Hi!
I have this two models:
class Creditor(models.Model):
name = models.CharField(max_length=300, unique=True)
class Order(BaseModel):
creditor = models.ForeignKey(
Creditor,
on_delete=models.CASCADE,
related_name="orders"
)
value = models.FloatField()
I would like to annotate to each Order, the creditor_size (sum of all order values for each Creditor).
This could be done pretty straightforward with this query:
creditor_size_subquery = Subquery(
models.Creditor.objects
.filter(pk=OuterRef("creditor"))
.annotate(size=Coalesce(Sum("orders__value"), 0.0, output_field=FloatField()))
.values("size")
)
models.Order.objects.select_related("creditor").all().annotate(creditor_size=creditor_size)
Problem is, for only 37000 orders rows, this query takes 3 minutes. That’s because of this,
the raw sql:
SELECT "order"."id",
(SELECT COALESCE(SUM(U1."value"), 0.0) AS "size"
FROM "creditor" U0
LEFT OUTER JOIN "order" U1 ON (U0."id" = U1."creditor_id")
WHERE U0."id" = "order"."creditor_id"
GROUP BY U0."id") AS "creditor_size"
FROM "order"
LEFT OUTER JOIN "creditor" ON ("order"."creditor_id" = "creditor"."id")

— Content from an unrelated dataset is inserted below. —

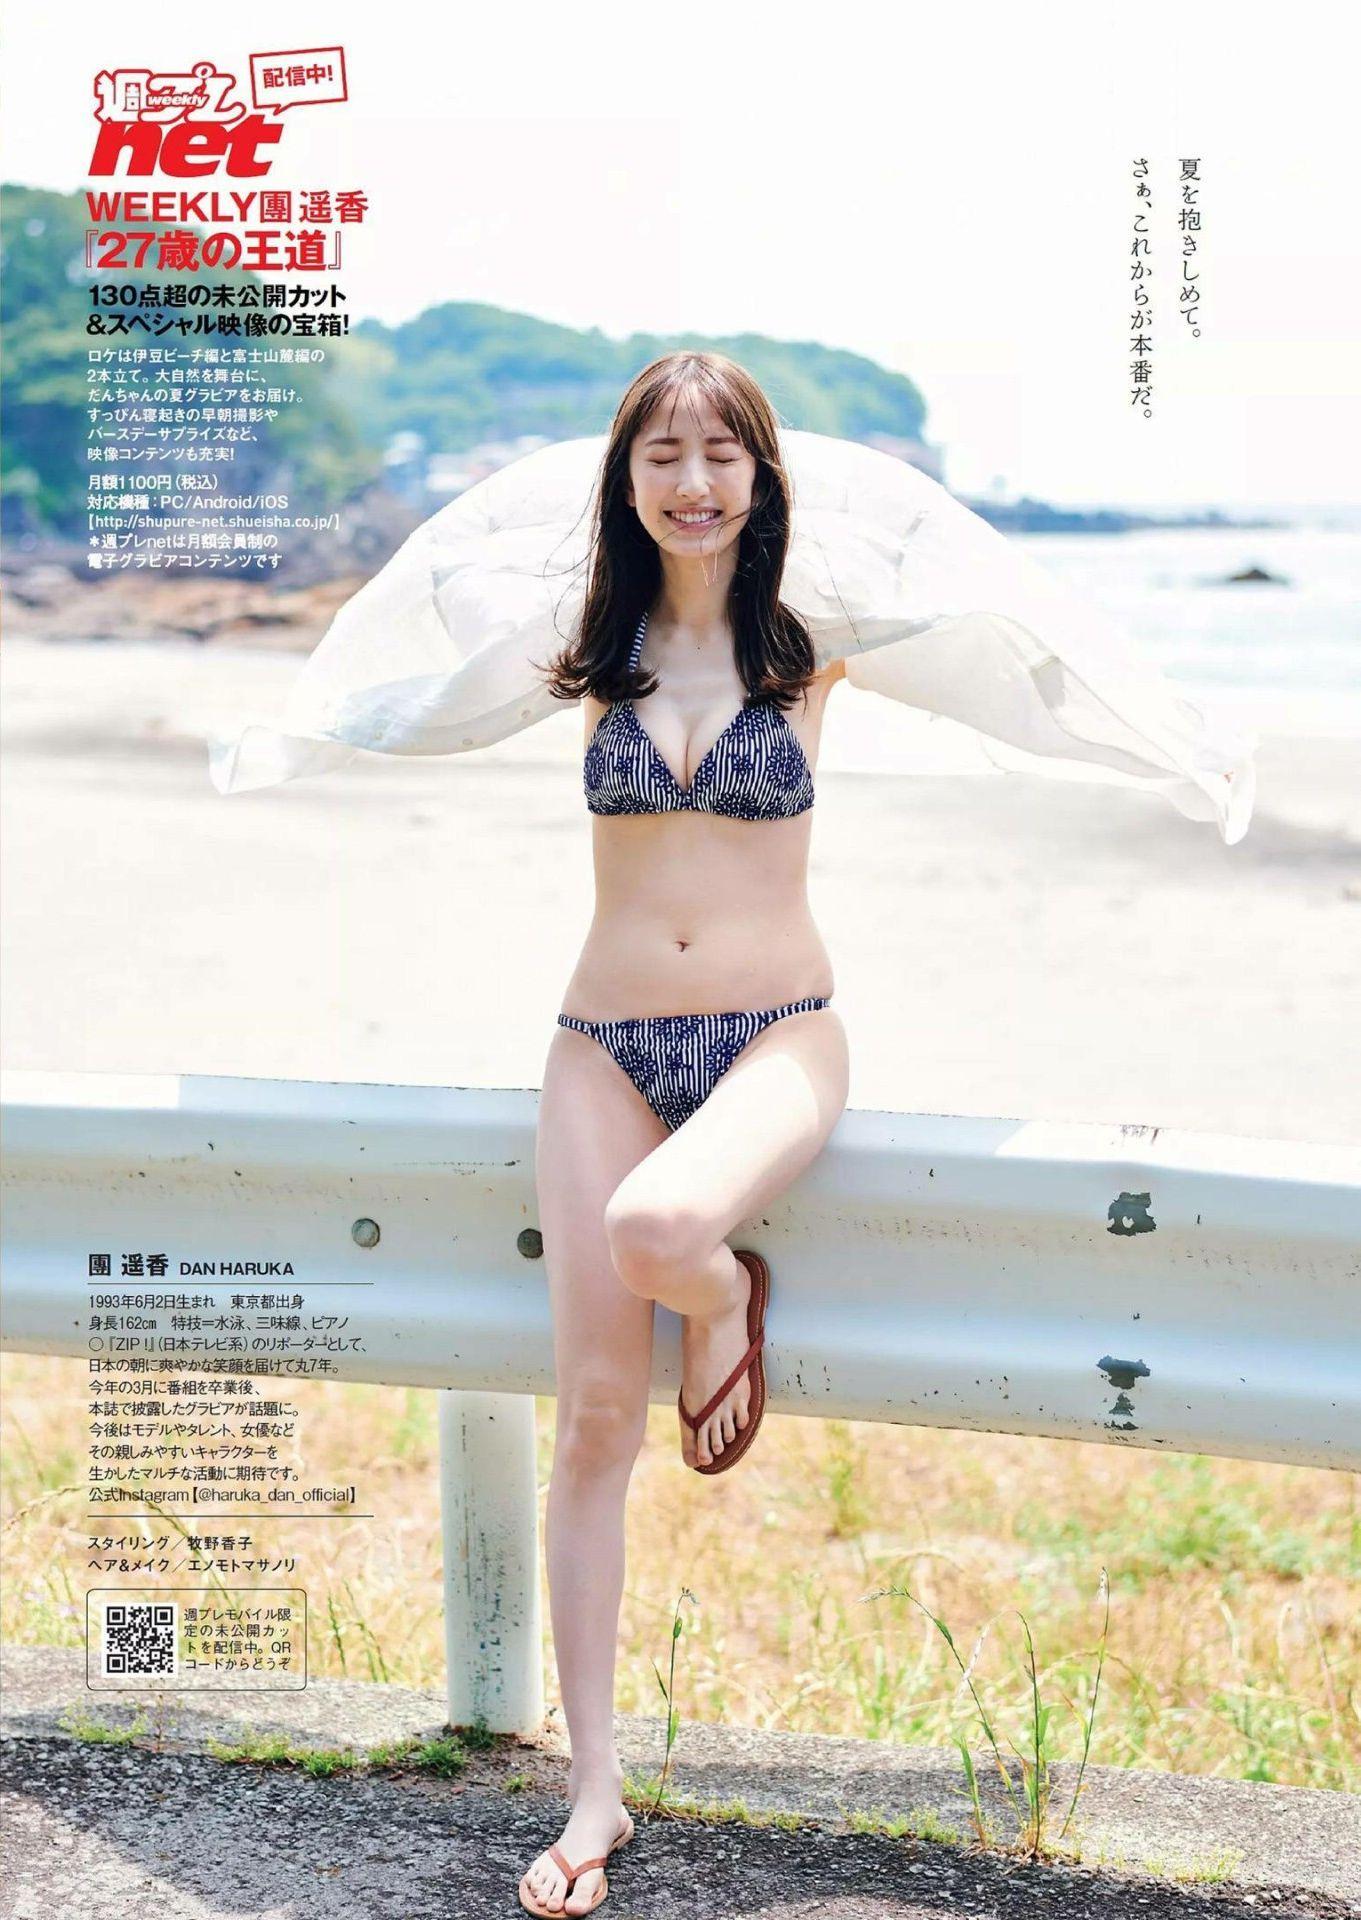 Weekly Playboy No.10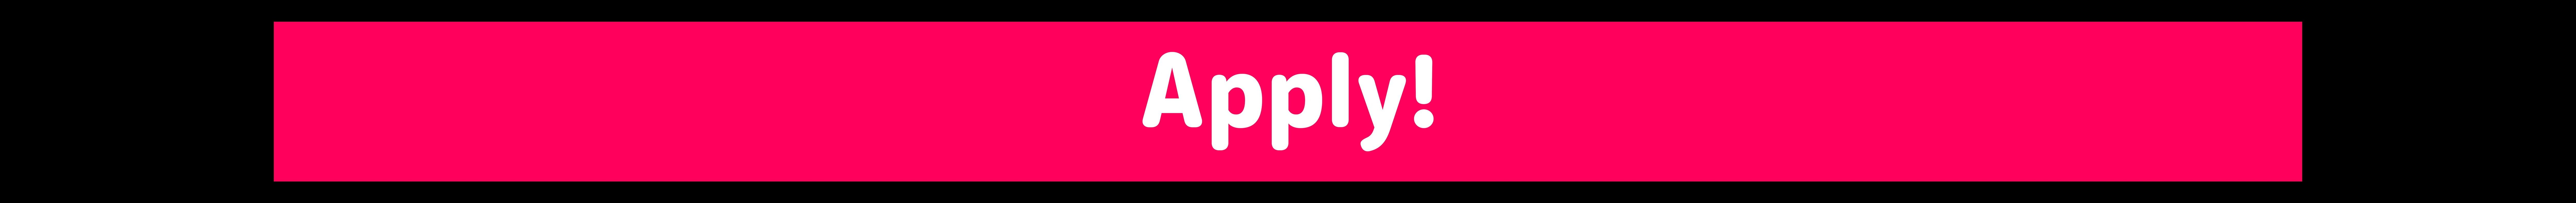 Apply!

WHERE "order"."hidden_at" IS NULL
ORDER BY "order"."created_at" DESC
The query above contains a subquery that is executed once per row, which is slowing the query, if i have 37000 orders, the subquery will be executed 37000 times.

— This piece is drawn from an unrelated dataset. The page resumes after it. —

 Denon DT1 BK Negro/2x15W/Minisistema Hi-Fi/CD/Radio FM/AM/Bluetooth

The solution is to calculate this query once and append the results as a join, the query bellow will run in less than 1 second:
SELECT o.id, o.creditor_id, subquery.creditor_size
FROM order as o
LEFT JOIN
(
SELECT c.id, SUM(c.value) as creditor_size
from creditor c
left join agrometrics_cpr c ON (c.creditor_id = b.id)
GROUP BY b.id
) subquery ON (subquery.id = o.creditor_id)
Is it possible to achieve this query with django ORM? Basically join a subquery and use values from this subquery.